Claro que sí, y se arrancaron con una porra al personaje que a estas alturas de la humanidad ha de decir “a mí que me esculquen”, como en el chiste del que le robó la cartera a Napoleón.

Luego la motivación del día: quien les dio la libertad de cultos, Benito Juárez. Respetan a la bandera nacional, por supuesto, ellos no son mormones o Testigos de Jehová que obligan a los niños al perjurio patrio- Y cantarán como verdaderos ángeles el himno, ni se diga –cuando lo hagan, una hora después, al término del homenaje.
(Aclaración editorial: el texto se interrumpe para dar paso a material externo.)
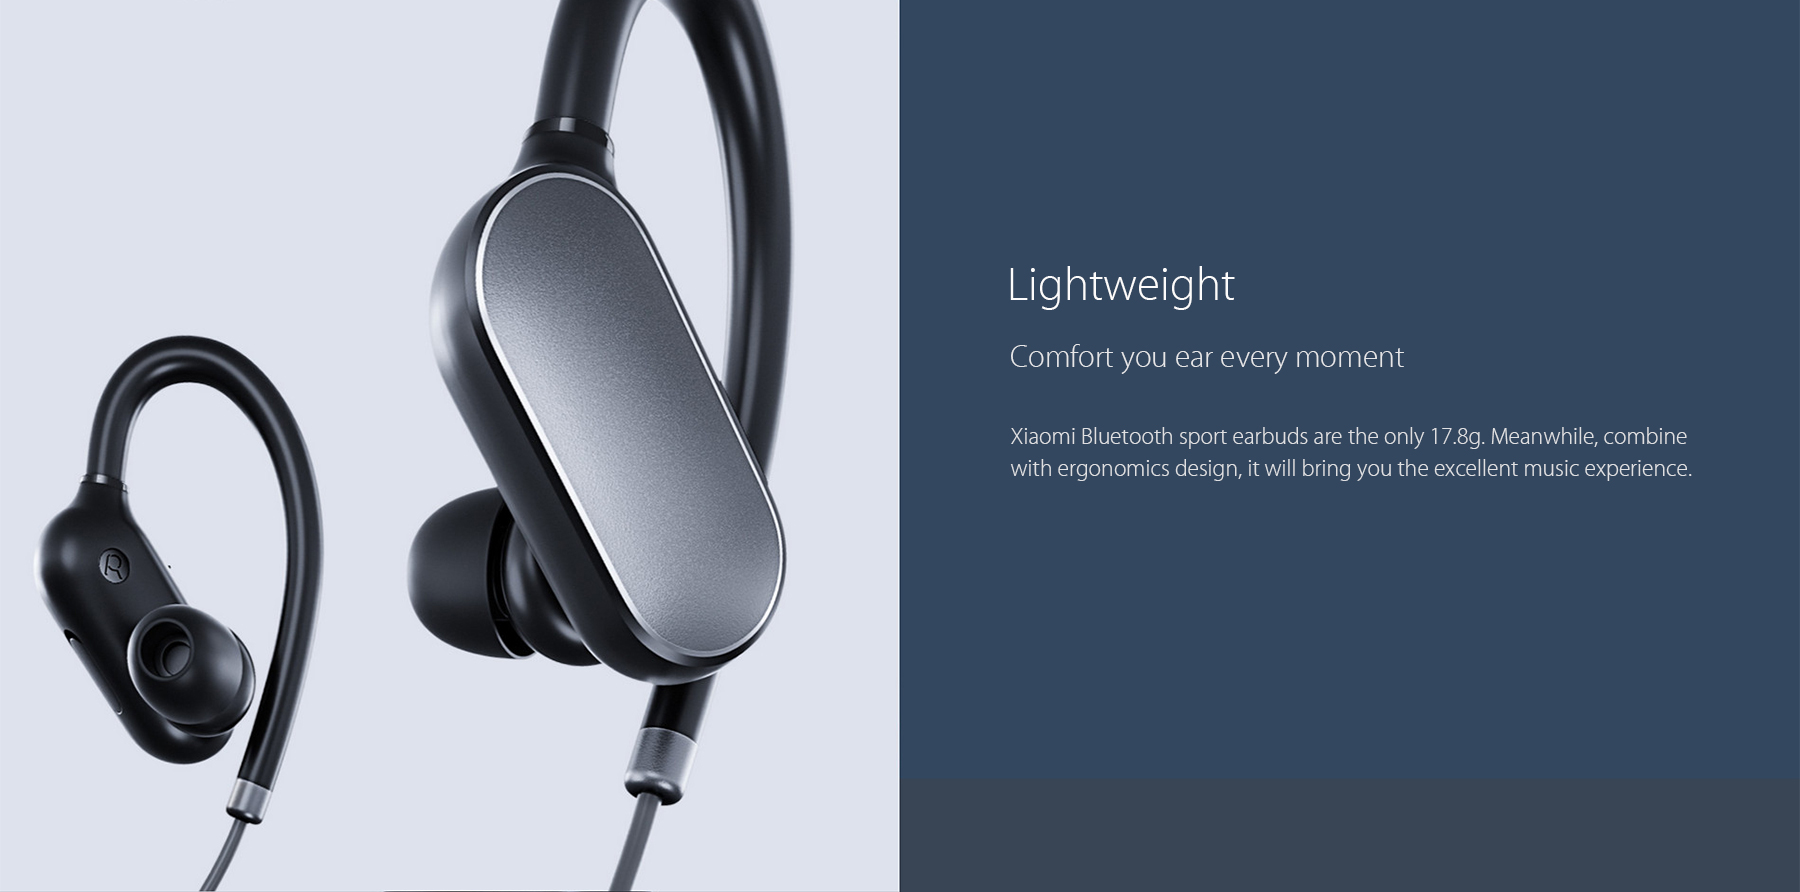 33687f93c3c Xiaomi YDLYEJ01LM Bluetooth 4.1 Music Sport Earbuds Hands Free Calls Volume  Control Song Switch Waterproof Wireless Earphone-in Bluetooth Earphones ...

Y yo quedaré pasmado de lo patriótico que suena el “patria, patria, tus hijos te juran...” fuera de un acto oficial en la televisión, en un patio de escuela o en un estadio de futbol.

Por eso sonaba tan cívico.

“¡Viva Juárez, hijos de Jesucristo!”

“Entrégate a él, entrégate a él, entrégate a Cristo y tendrás la salvación. Ninguna religión puede cambiar tu ser, solamente Cristo, solamente él.”